=== Provided material ===

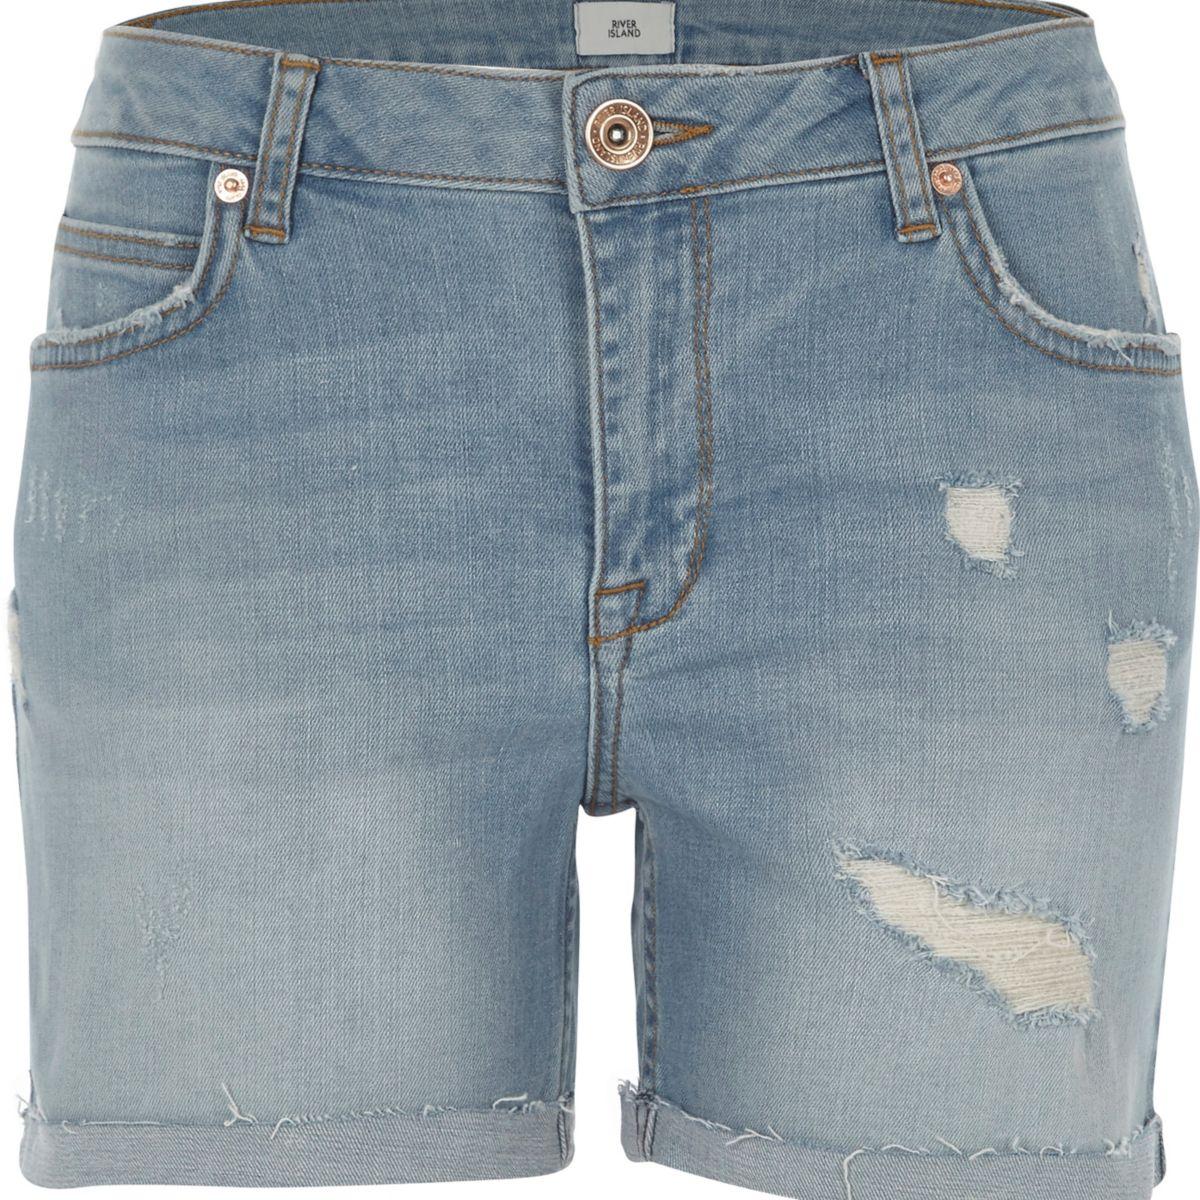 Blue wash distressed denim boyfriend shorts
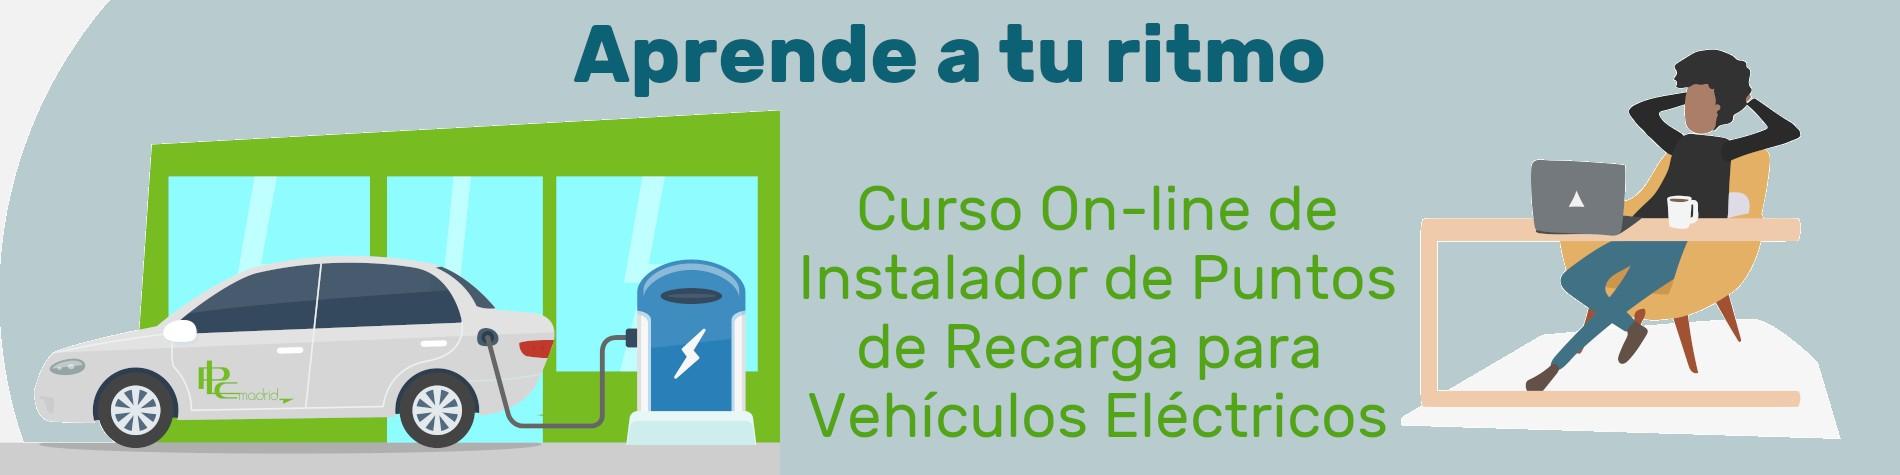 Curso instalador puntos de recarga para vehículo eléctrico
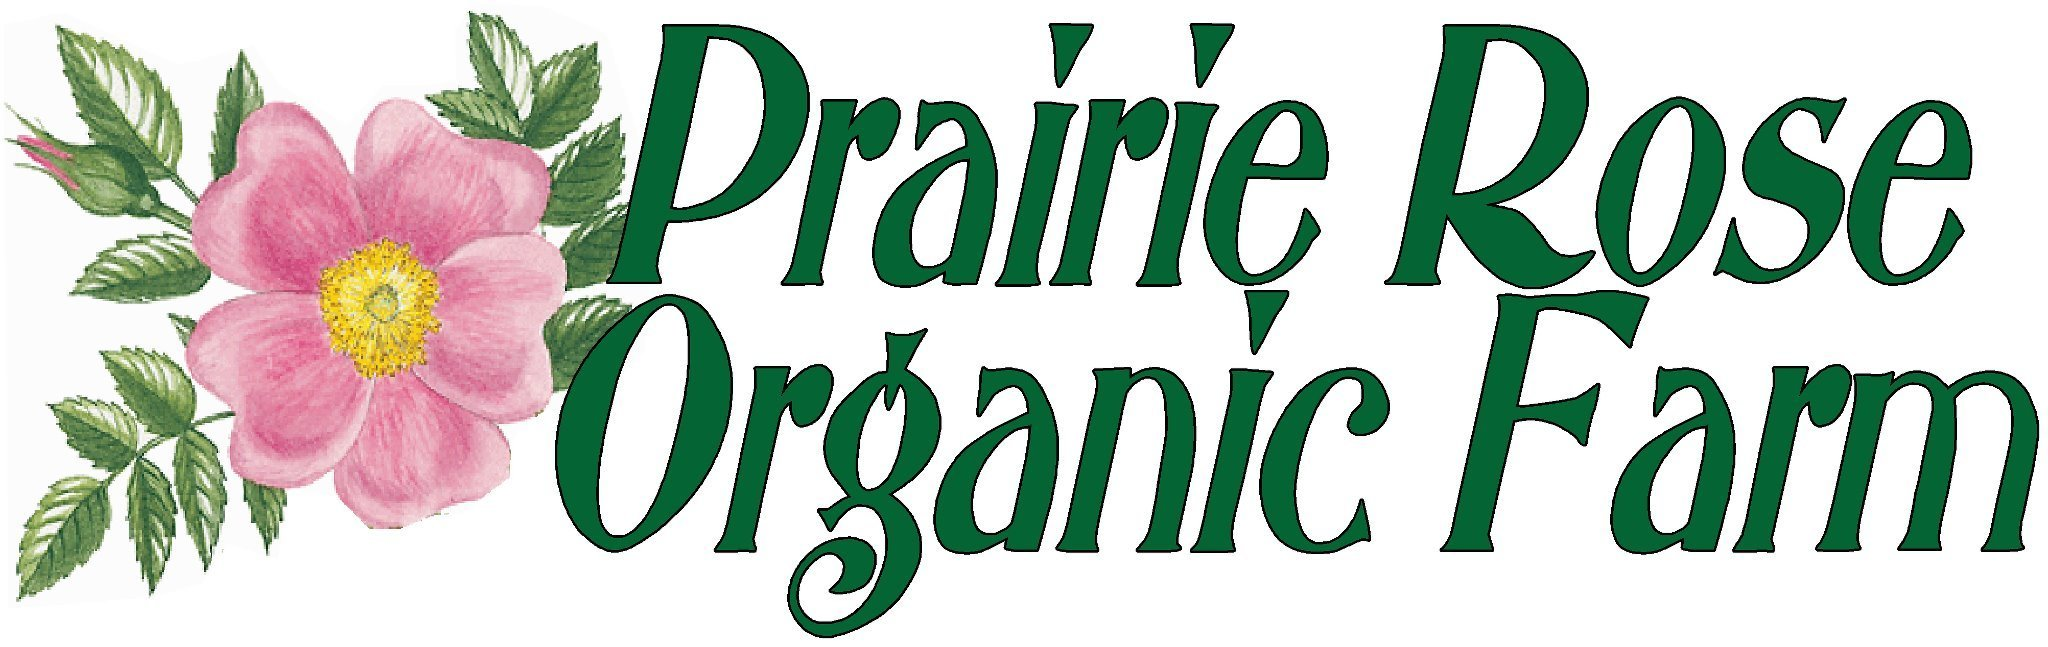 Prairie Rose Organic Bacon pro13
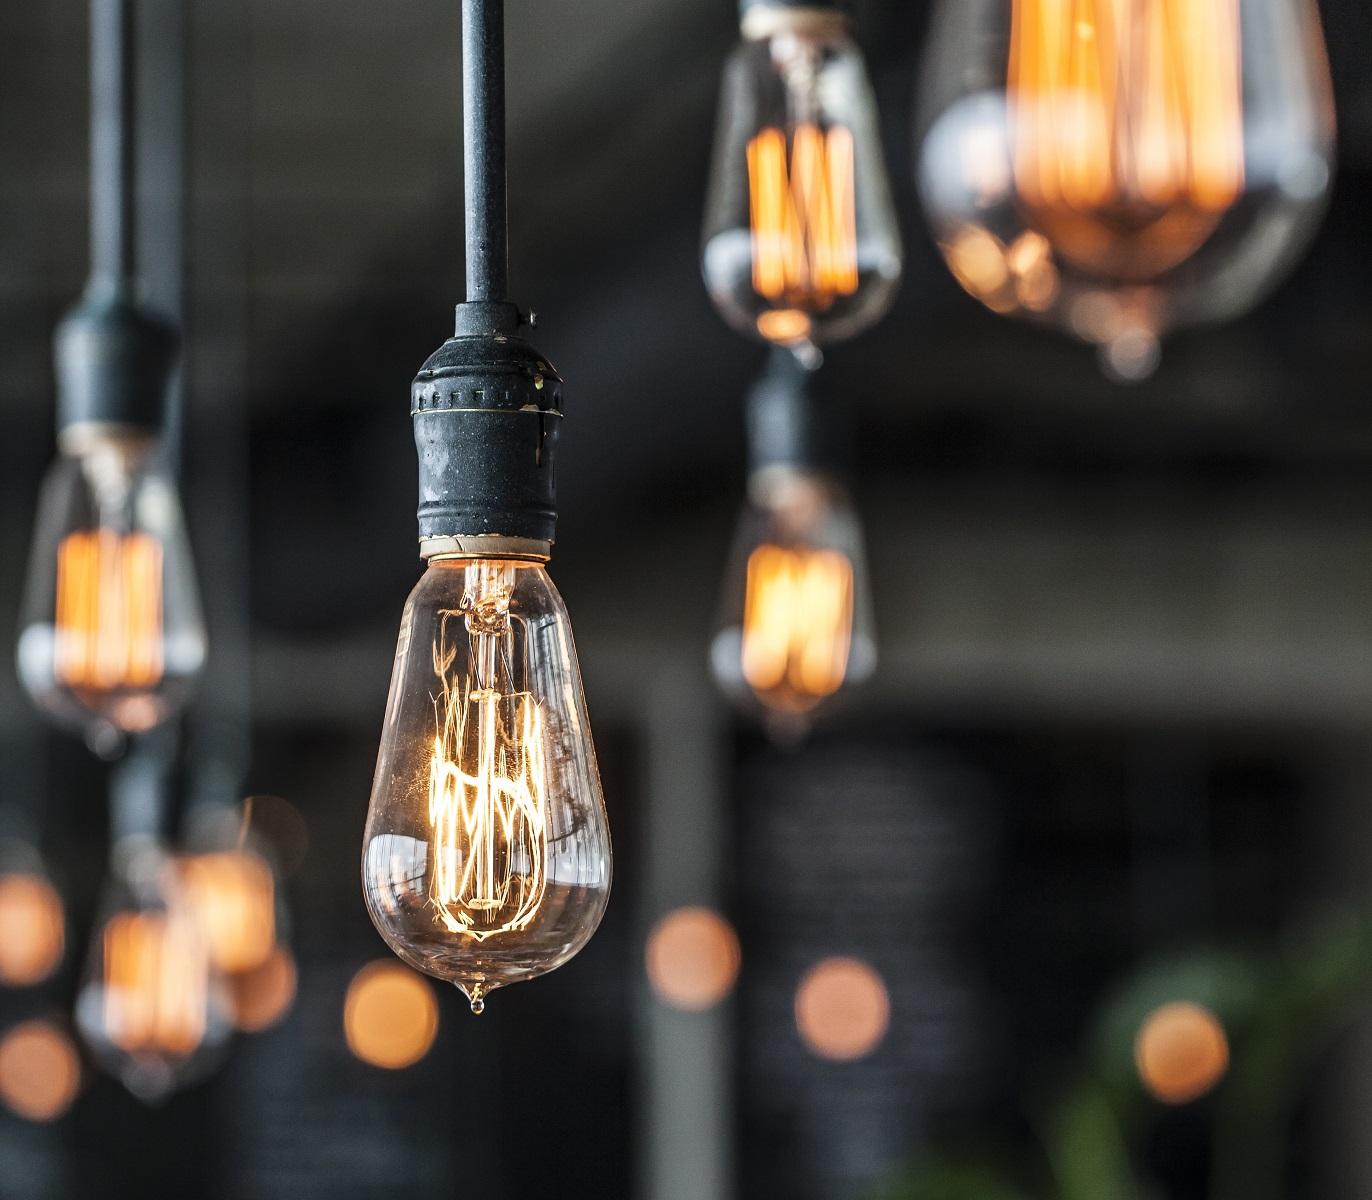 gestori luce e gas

===

Could you set down word for word each line from the one holding "Prairie Rose Organic Bacon pro13" through the end of the material above, without any pictures?

* Answer to this exercise *
 Prairie Rose Organic Bacon pro13
 gestori luce e gas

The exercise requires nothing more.